Il Medioevo registrò un radicale cambiamento nel modo di fare filosofia. Severino Boezio, che fu protagonista anche politico nel regno romano-goto di Teodorico, fu l’ultimo di una stirpe di pensatori che, nella storia occidentale, ebbe il suo fondatore in Talete di Mileto.  Con l’autore della Consolatio tramontò la figura del pensatore di impianto aristotelico che vedeva nell’otium, nella privilegiata condizione di occuparsi di se stessi e di ciò che più interessa, il pre-requisito della speculazione filosofica. 

Naturalmente, nel Medioevo non si smise di pensare; si cambiò il modo di farlo. Al filosofo subentrò il monaco, o il vescovo, o il priore.

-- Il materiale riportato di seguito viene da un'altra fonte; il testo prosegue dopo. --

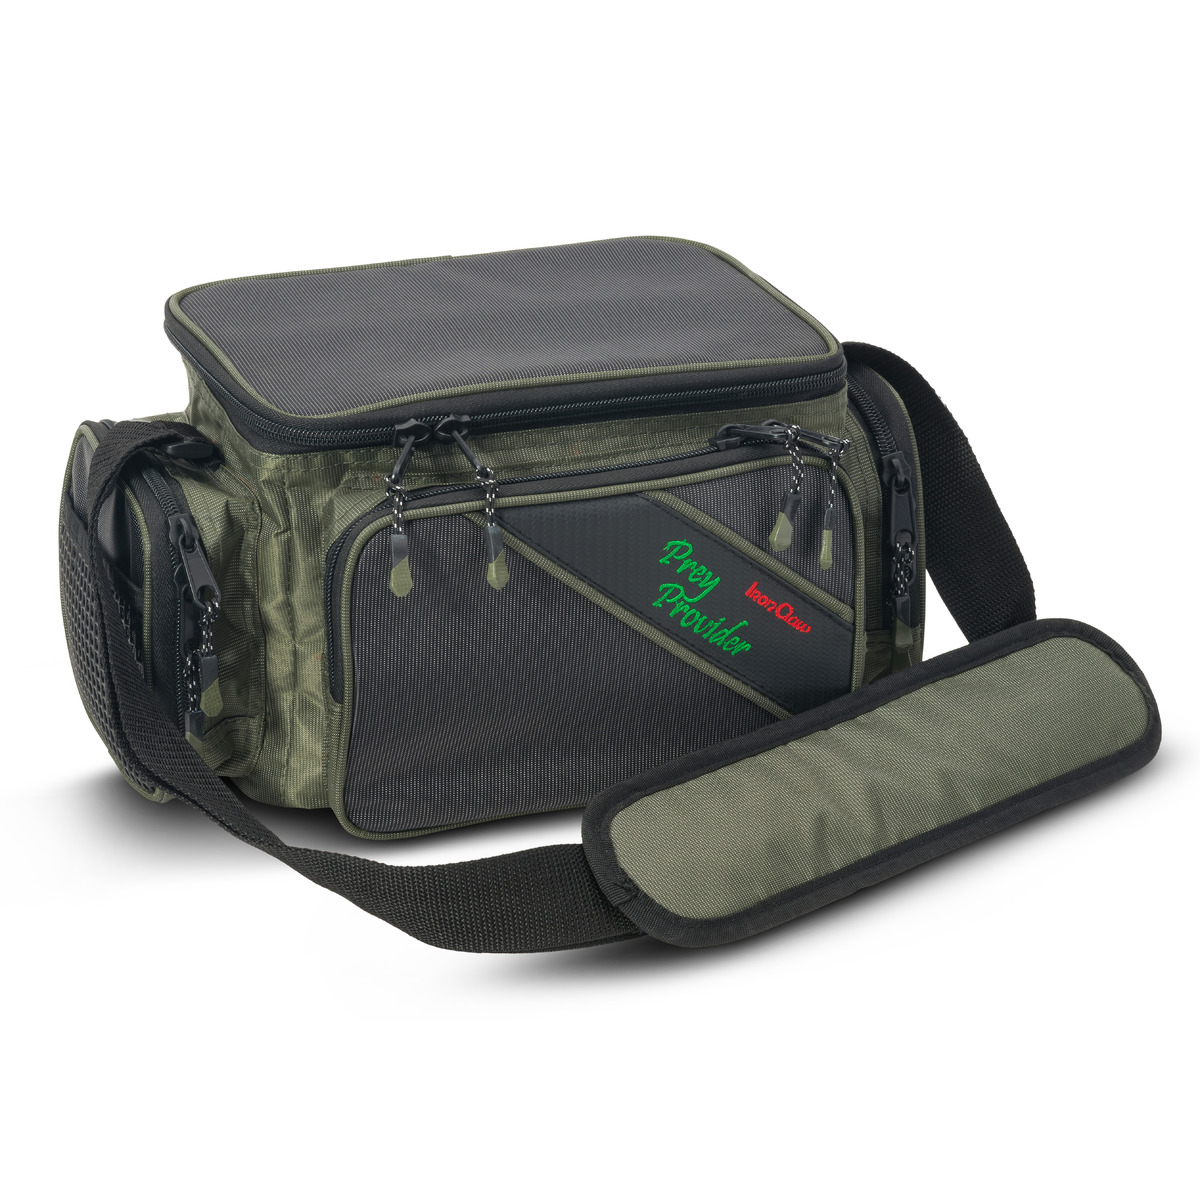 Iron Claw Prey Provider Cooler Bag - S

Nei lunghi secoli bui, il pensiero si rifugiò nelle fredde ma sicure mura dei conventi, proprio come l’abazia benedettina, entrata ormai nell’immaginario comune, dove si svolsero i fatti de “Il nome della rosa”. In quegli ambienti monastici non solo fu preservata la conoscenza frutto di un’altra era del mondo, ma fu garantita anche la possibilità di esercitare la ragione, seppure nell’ambito della scolastica e del suo altissimo campo: la conoscenza di dio e della verità rivelata. Quella della filosofia medievale è la storia della complessa equazione tra scienza e fede, che definì quell’epoca come l’equazione virtù-conoscenza caratterizzò quella antica. Eppure nessuno di quei pensatori-monaci-teologi si definì filosofo, nemmeno il più grande di essi, Tommaso d’Aquino, che sostenne l’unione somma di filosofia e teologia. Per lunghi secoli, pensiero e filosofia rimasero estranei, basti pensare ai commenti sprezzanti di Lanfranco di Pavia in quel di Bec (Normandia), che invitava a cercare la salvezza nell’autorità delle Scritture e nel solo esercizio della fede.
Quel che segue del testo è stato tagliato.